It looks like the road is wide open for a City Hall proposal to create a “Safe Overnight Parking Program” for residents living in camper vans.
Legislation authored by Supervisors Vallie Brown and Ahsha Safai calls for The City to create a homeless navigation center for people living in RVs, and would decriminalize living in vehicles while San Francisco officials work to help people find housing.
Monday morning, Supervisor Hillary Ronen signed on as the eighth co-sponsor of Brown and Safai’s legislation, lending the proposal a veto-proof supermajority as it winds its way through various committees to the full Board of Supervisors, where it’s expected to be voted on within two weeks.
But even before Ronen announced her backing the proposal appeared to have solid support, as Mayor London Breed recently told Brown she will dedicate $1 million in city funding over two years to the program.
Brown announced the funding at the Board of Supervisors Land Use and Transportation committee meeting Monday.
“Living in a car or RV is usually a last ditch effort to stay off the streets,” Brown said Monday, at the meeting. “This issue isn’t going to go away, and we can’t ignore it.”
The number of people sleeping in their cars or RVs has been an ongoing issue in San Francisco for years. The issue was pushed back into the spotlight in September last year when Safai sought a ban on RV parking on a tiny street near the Excelsior, called De Wolf, prompted by neighborhood concerns over cleanliness and noise.
Though the street is only a single block long, the move to clear it had a big impact. The San Francisco Municipal Transportation Agency Board of Directors initially drew a line in the sand and refused to shuffle the RV dwellers to another street without a citywide solution to vehicular homelessness.
The tactic worked.
City leaders began developing solutions. Seven months later, Brown and Safai are working to find solutions that have eluded city leaders for years.
Their proposal would task the SFMTA and Department of Homelessness and Supportive Housing with creating a program for people to park their RVs and cars safely, while also being offered city services. The plan is two pronged, as people would be able to live in their vehicles in a safe space, but The City would also offer vehicle storage for people it connect into shelters or housing.
The legislation would also create a program to offer towing fee and parking citation waivers to people who are vehicularly homeless, because towed vehicles can lead to street homelessness, city officials said.
A count conducted by The City in October 2018 found 432 inhabited vehicles on the streets of San Francisco, including 313 RVs and 119 passenger cars.
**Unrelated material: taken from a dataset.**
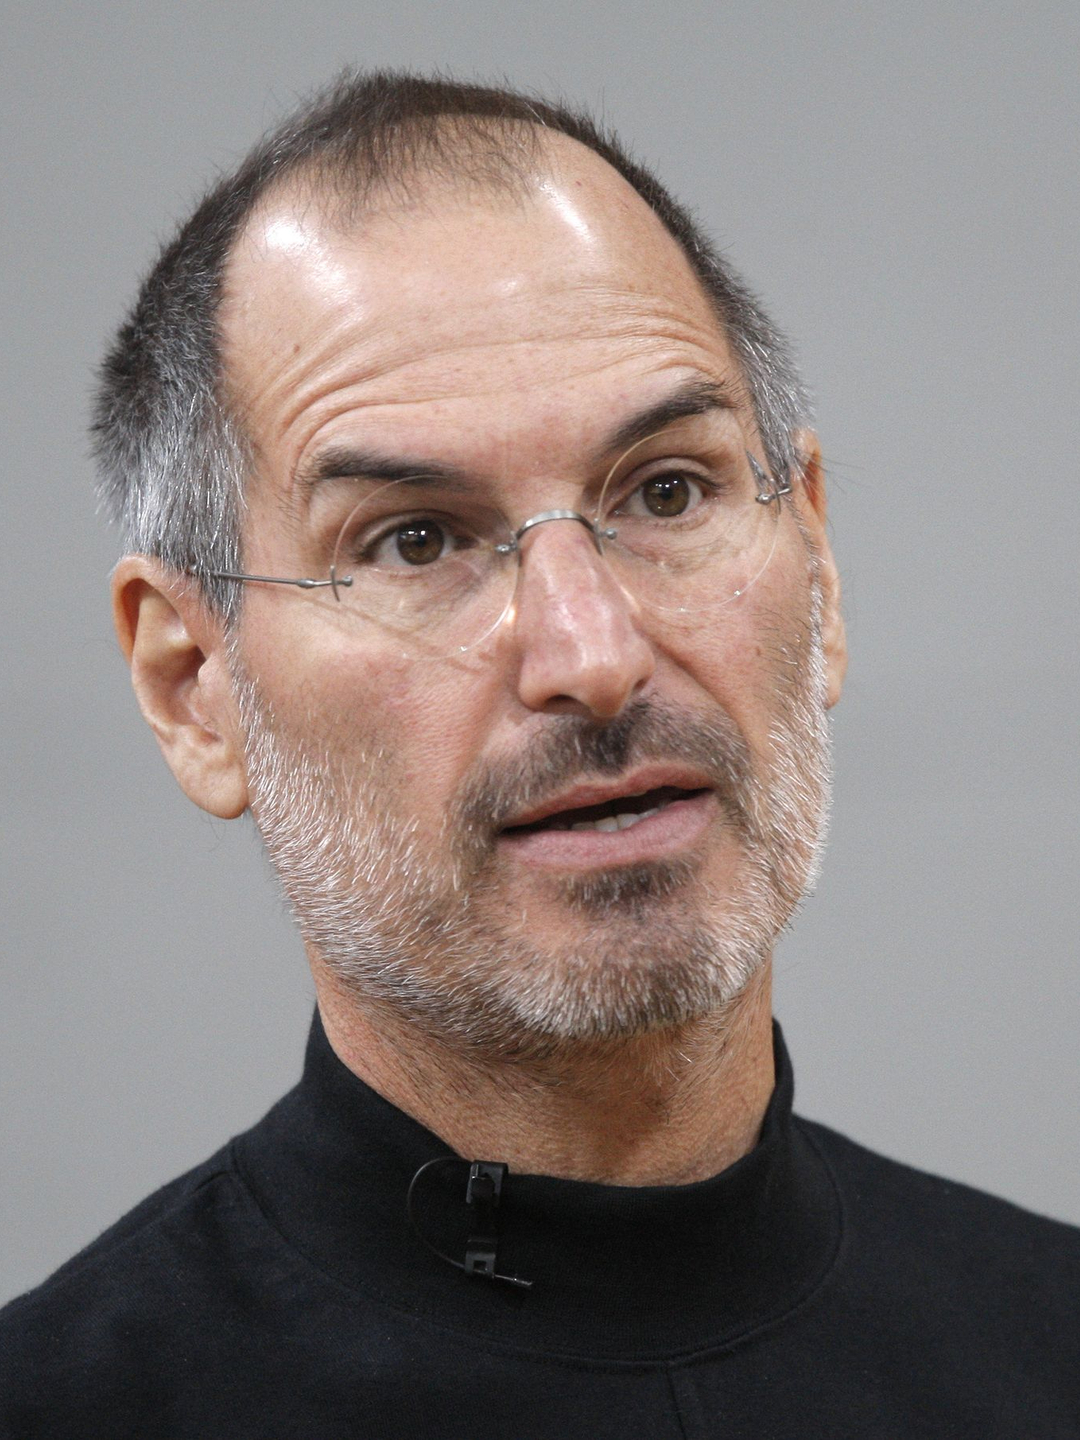 Steve Jobs young photos

According to housing rights advocates, these estimates are conservative.
One woman who counted herself among those vehicle dwellers, recently is Meghan “Roadkill” Johnson, who saved her money to purchase a bus for her and her two children to live in. Her son is four-years-old, and her daughter is 16 months old, she told the San Francisco Examiner.
Johnson lived in that vehicle with her children for four months. It was the only thing keeping them from homelessness, she said, and she had to constantly stay near it to ensure it wasn’t towed, or worse.
One day her worst fear was realized — San Francisco Police Department Officers came to tow her vehicle.
”When I asked the SF police department why it was being taken away, we were told the neighbors near where it was parked said it was an eyesore,” she said. “To me it was the only safe place that me and my children had.”
Now she’s in a family shelter, she said. But that took a long time.
SFPD Commander David Lazar told supervisors at the meeting that the department is committed to solutions.
“We want to make sure people are safe and secure and address issues that come up,” he said.
Jeff Kositsky, director of the Department of Homelessness and Supportive Housing, also noted that vehicular homelessness has spiked in San Francisco recently.
At Monday’s meeting, the Coalition on Homelessness praised the legislation — but criticized city officials for taking so long to find a solution.
For years, The City has prioritized “pushing people out of their housing, towing their cars, then ripping away their tents when they’re on the streets,” said Jennifer Friedenbach, the executive director of the Coalition on Homelessness. “This,” however, “is really wonderful. It is the time, it has taken too long.”